Satirical parody is unnecessary
Richard Packham’s May 18 satirical parody on Christianity in The News-Review is not surprising considering his anti-theistic attitude towards life. Readers who have previously read his columns already know where he stands on God and religion, so why run such a cruel and demeaning article?
As a retired lawyer, he must know something about law and order, a world-wide problem regardless of what one believes. So how does the God he satirizes solve this rebelliousness otherwise described as “sin,” which is a state of mind? This is what God wants to eliminate. If we regard sin as primarily breaking the rules, God’s commandments may be regarded as arbitrary regulations, designed to show His authority, and to test our willingness to obey. Obey, and we’re rewarded. Disobey, and we’re destroyed. Do you want to live under those circumstances? That is what Packham thinks Christianity is about — and he’s wrong!

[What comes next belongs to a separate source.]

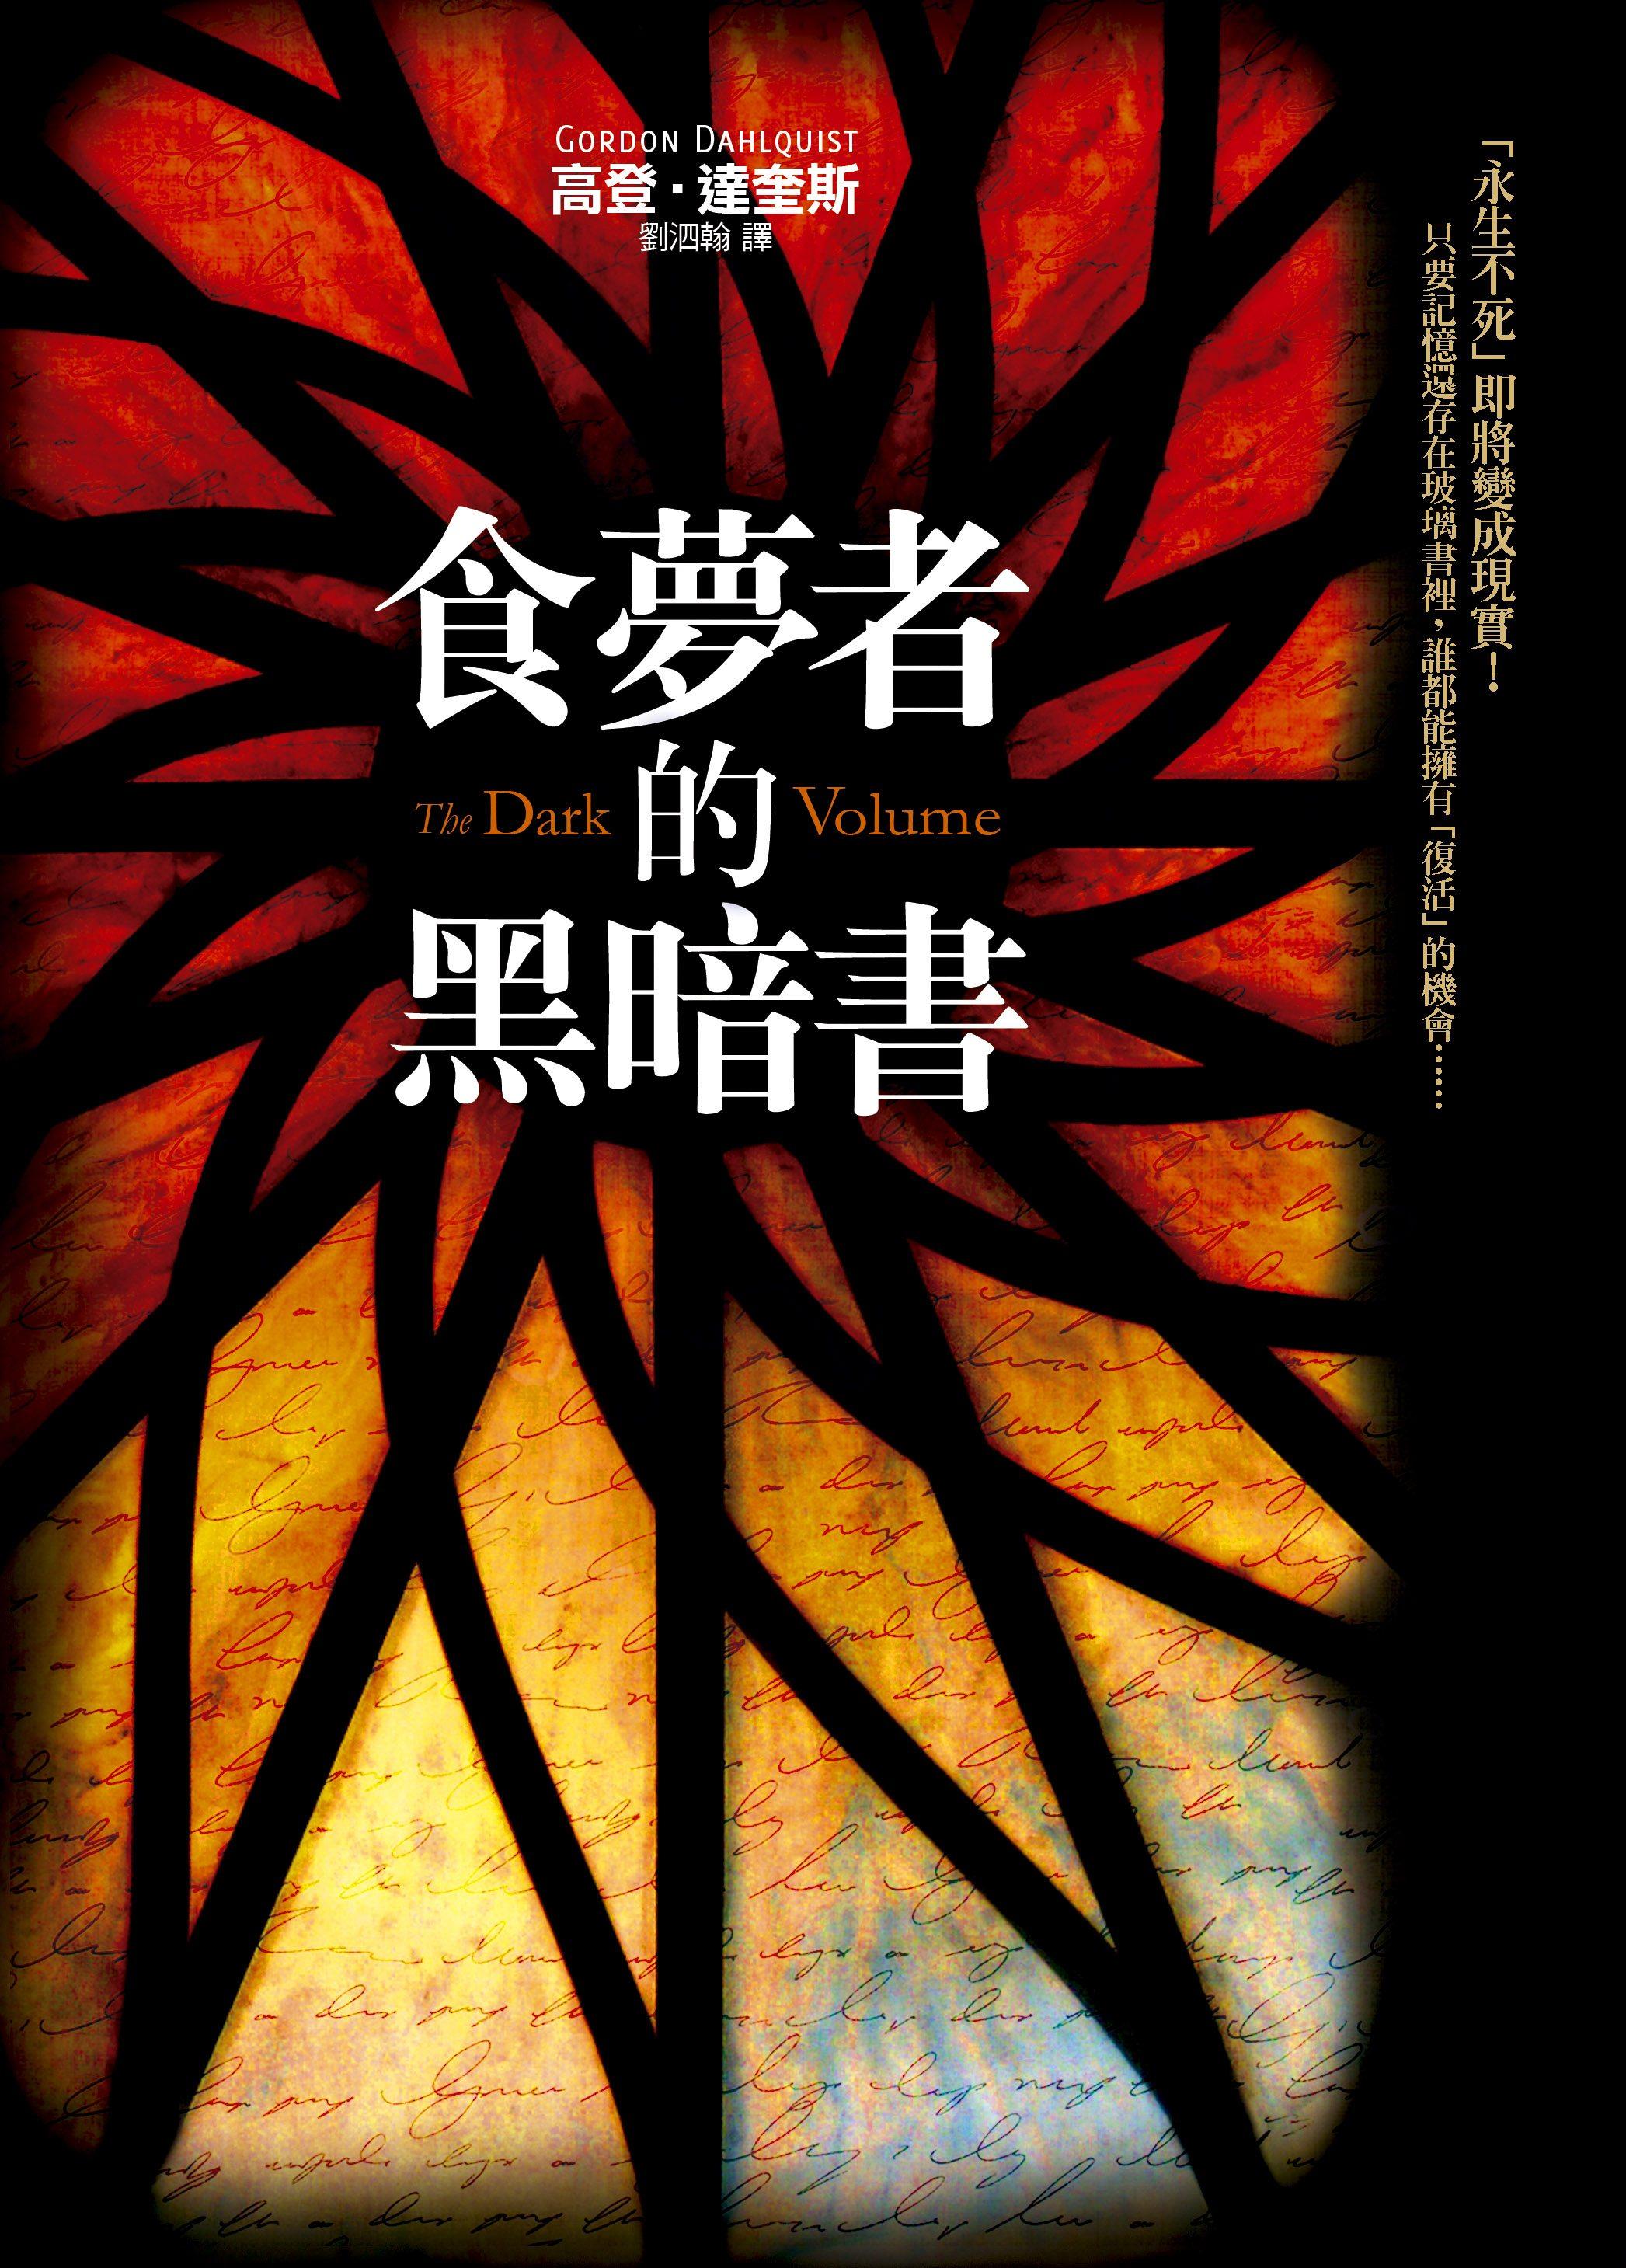 食夢者的黑暗書.jpg

Look again at the rules, God’s ten commandments in particular. All they require is that we love God and each other. If we really did that, we’d have peace and freedom. The tenth of the Ten Commandments says we shouldn’t even want to sin. If we lived in that state of mind, not even wanting to do anything unloving, we would have freedom and all kinds of peace and good will.
But can love be commanded or produced by fear? Has God said to us children, “Either love Me, and each other, or I’ll have to kill you? Read from Genesis to Revelation; you’ll see that what God wants is not mere obedience to the rules. He wants us to do what is right because it is right. “The obedience that springs from love and trust is offered in the highest sense of freedom.”